According to data from executive outplacement firm Challenger, Grey & Christmas Inc., 194 U.S. companies reported CEO changes in January, which marked the highest total of CEO exits since January 2020, when 219 chiefs left their roles. In the retail industry, CEO turnover was higher this past January than the prior year, with six exits compared to three the prior year.

“During this time, CEOs and their boards are looking at what has to be accomplished in the new year and if they have a team that is ready and capable to do this,” explained Craig Rowley, a senior client partner in the consumer sector for consulting firm Korn Ferry said. “It works both ways: tenured CEOs that are considering their career may decide it is time to move on. Boards may decide that a new skill set is needed.”

This general trend, combined with a shoe industry in flux since the pandemic, has made for a broad need for new leaders at the top right now.

“The footwear industry has had to transform into a more digitally enabled and agile business model, which requires a new kind of leader,” Rowley said. “Add to this the uncertain economy and it was a prime time for both CEOs and boards to ask if now is the time for a change at the top?”

Meanwhile, in the last week, several shoe and retail companies expressed caution for 2024 after a broadly difficult fourth quarter. These results are indicative that the obstacles of 2023 have yet to fully abate.

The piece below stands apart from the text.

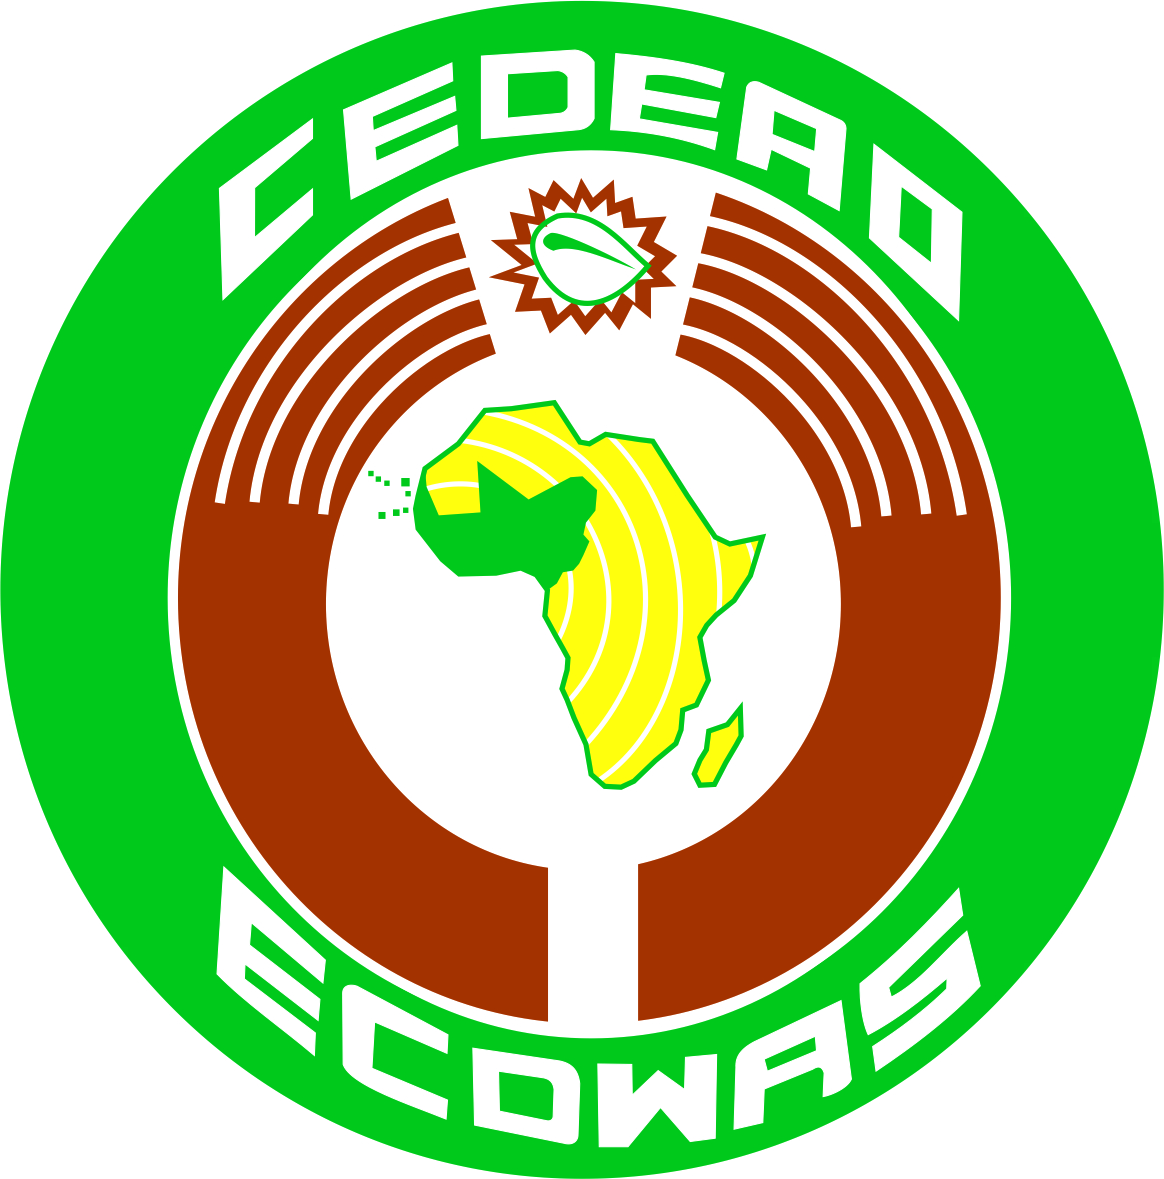 Competition Experts met in Dakar to review the draft Economic Community of West African States (ECOWAS) Directive on Consumer Protection

“We are still going to see challenges throughout 2024,” explained Carolyn McCall, founder and CEO of McCall Brand Advisors. “With the speed of the digital world, the expectation is a bit unrealistic as to how quickly turnaround plans can be executed.”

Plus, she added, a contentious U.S. presidential election will likely make for some additional anxiety for retailers and brands if consumers decide to pull back on spending during that time.

“Even as major companies are doing a great job of implementing transformation plans, it’s not going to happen overnight,” McCall said. “And then you’ve got that snag at the end of the year with the presidential election that may cause consumers to put a few brakes on.”